PROBLEM DETAILS: Output nothing but the lines from the one holding "3rd or 4th century Gandhara Buddha" to the end of the listing. Reproduce them exactly, without the pictures.

DATASET EXCERPT:
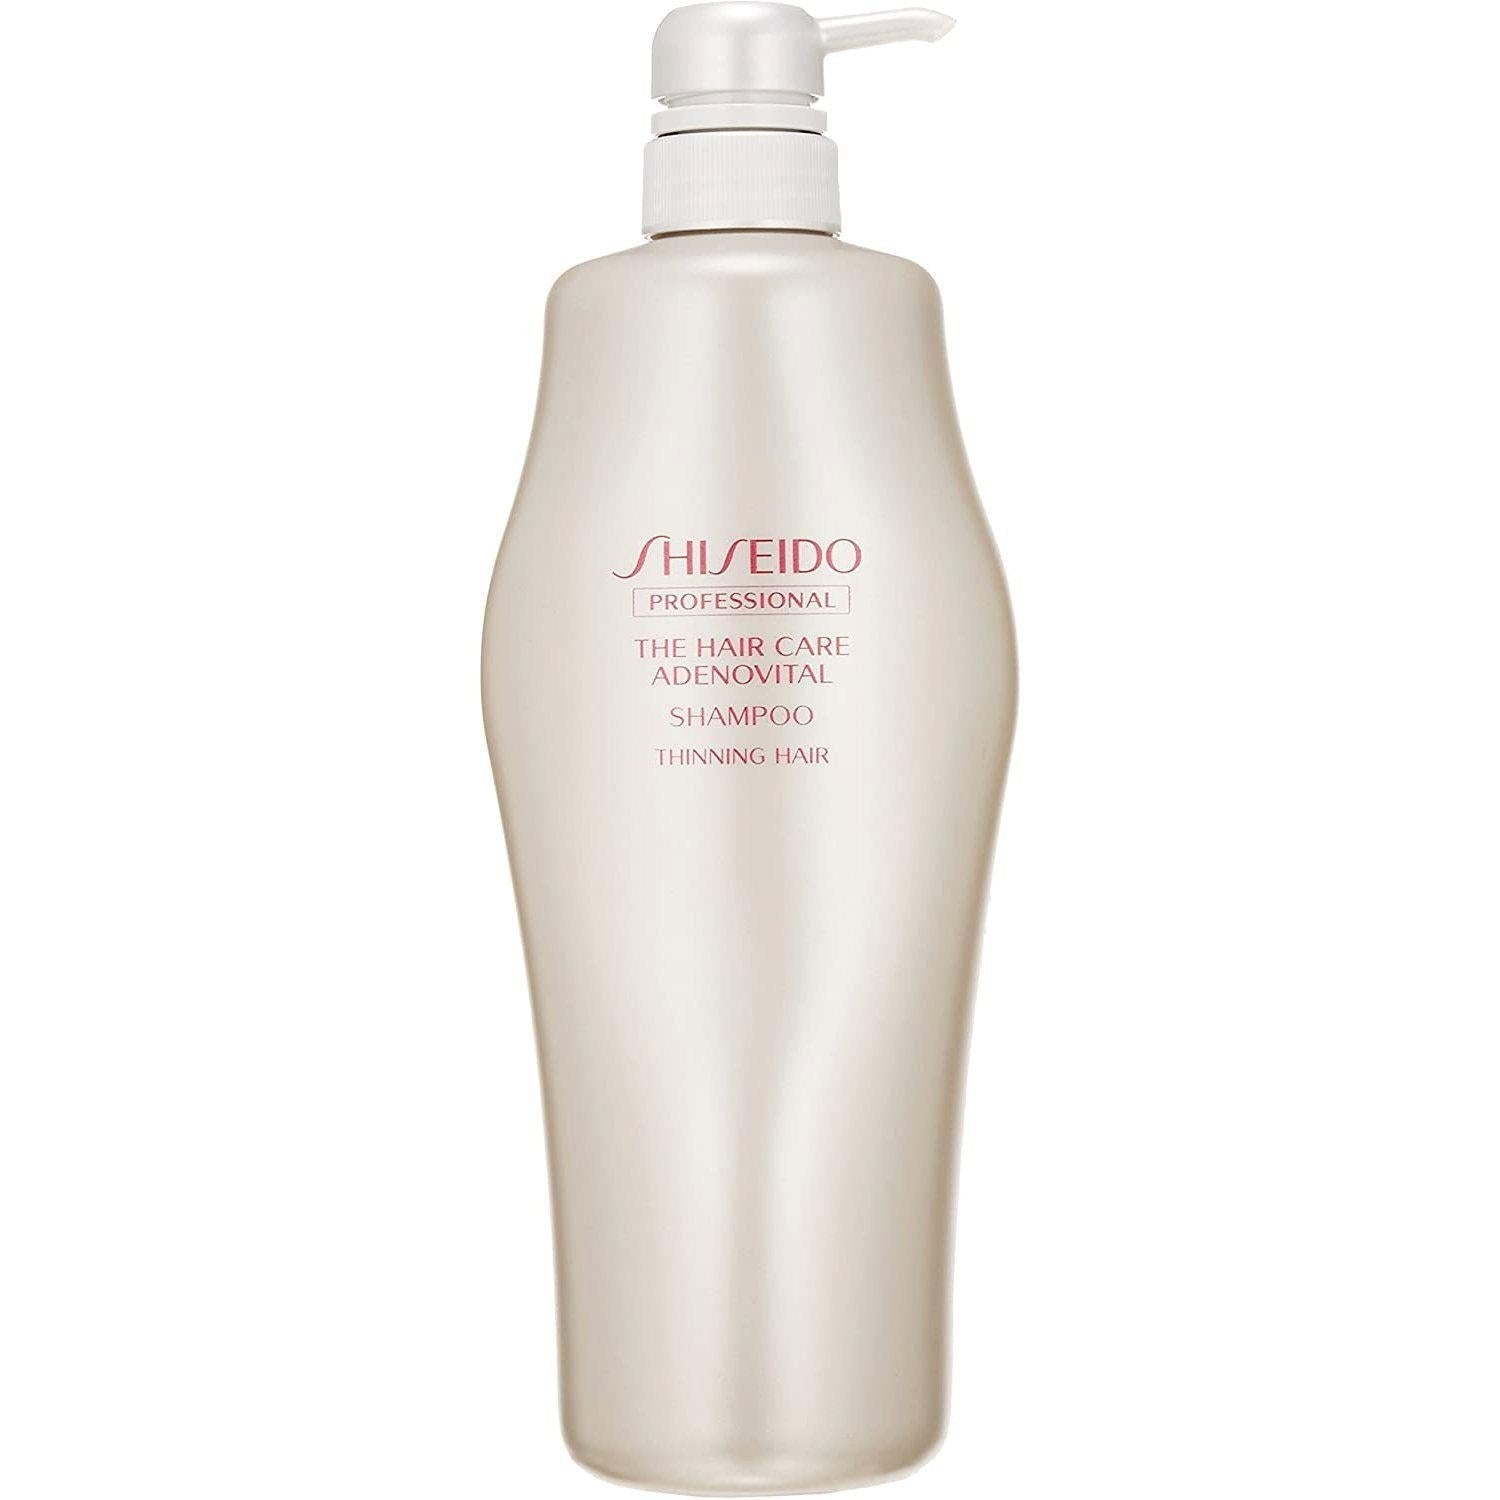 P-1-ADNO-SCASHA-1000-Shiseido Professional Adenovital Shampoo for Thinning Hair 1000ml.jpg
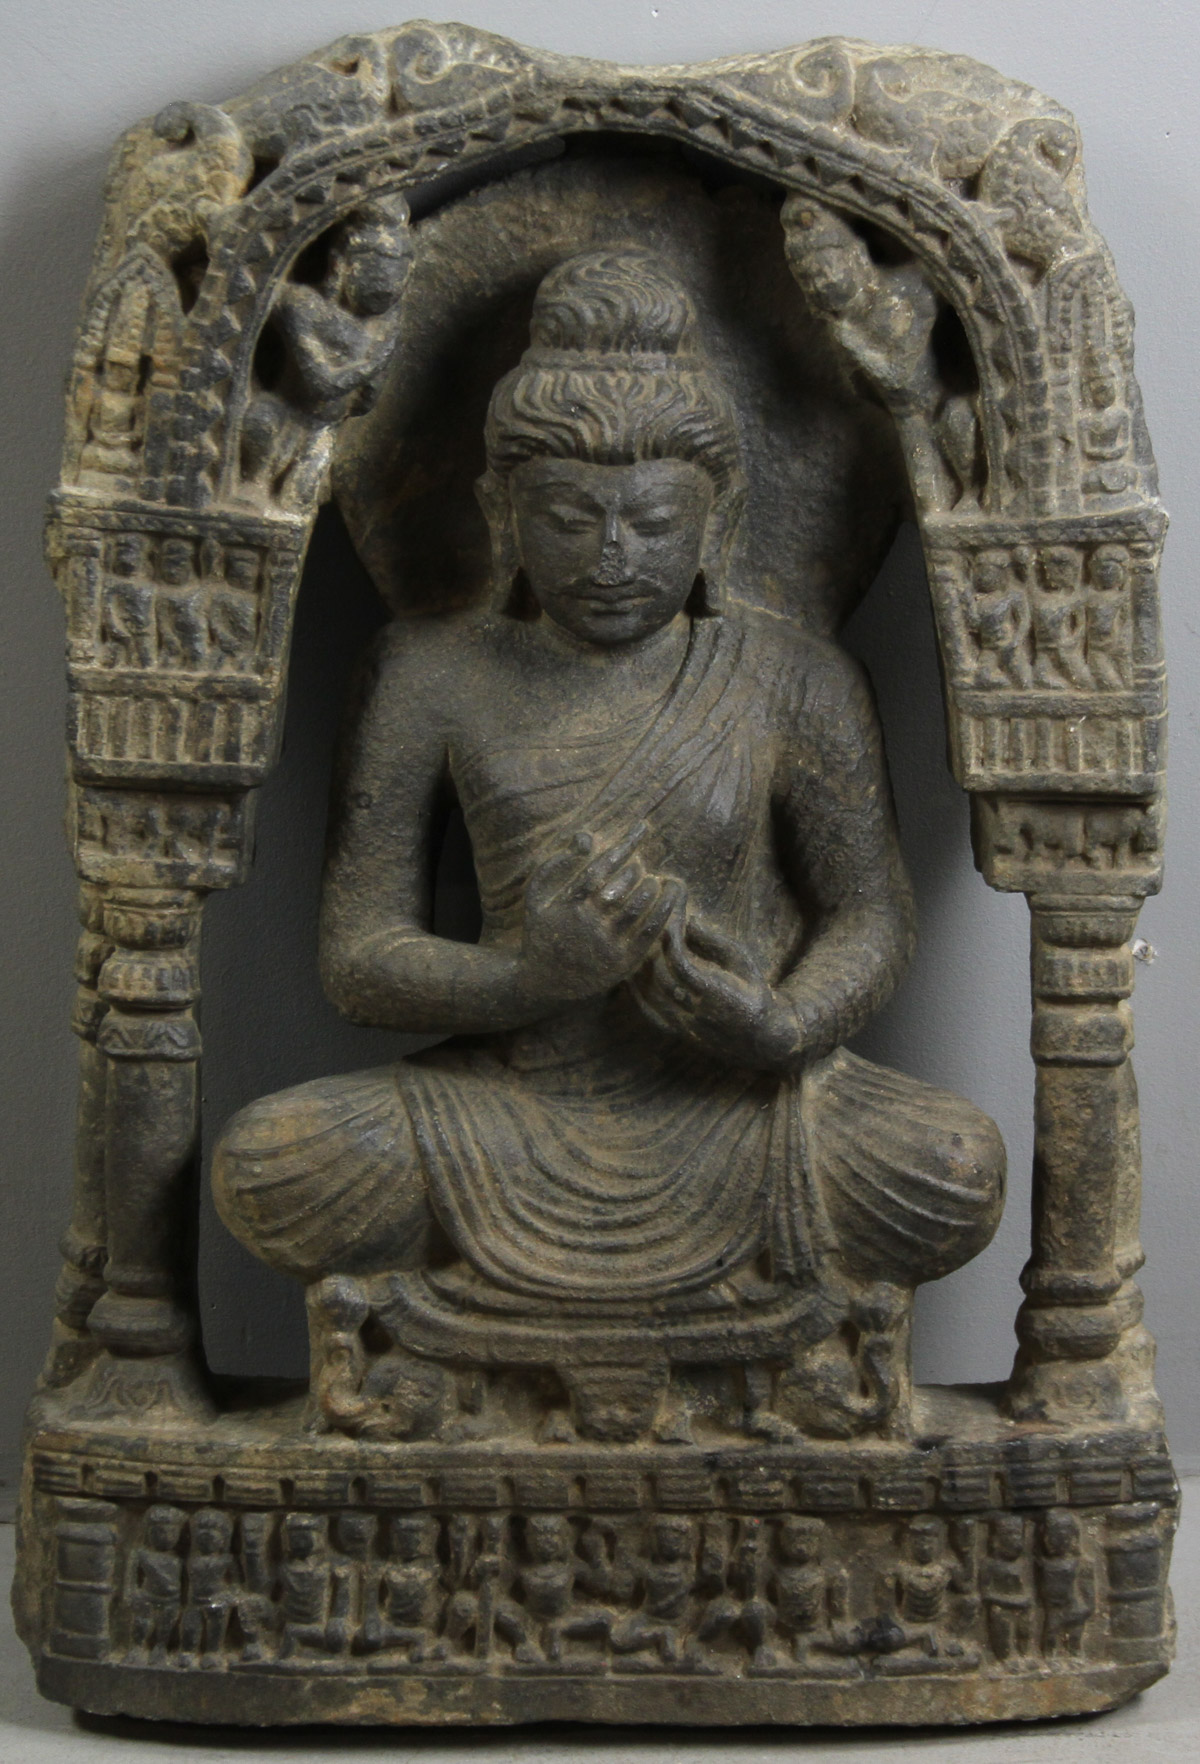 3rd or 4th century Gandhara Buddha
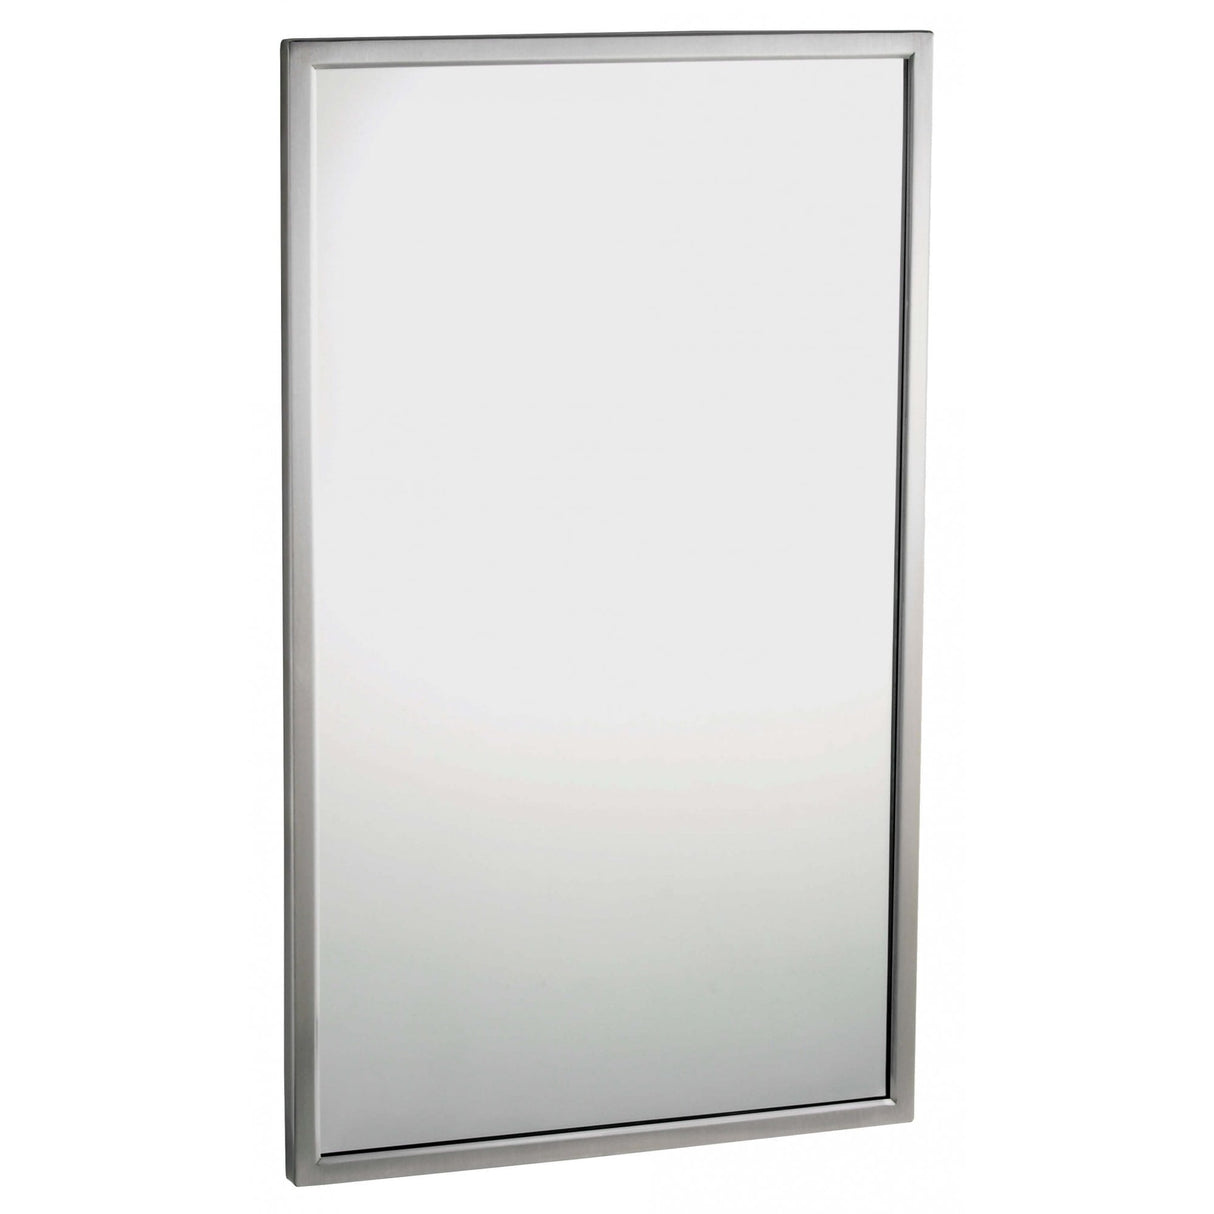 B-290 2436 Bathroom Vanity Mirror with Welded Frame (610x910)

ANSWER TO THE EXERCISE:
 3rd or 4th century Gandhara Buddha
 B-290 2436 Bathroom Vanity Mirror with Welded Frame (610x910)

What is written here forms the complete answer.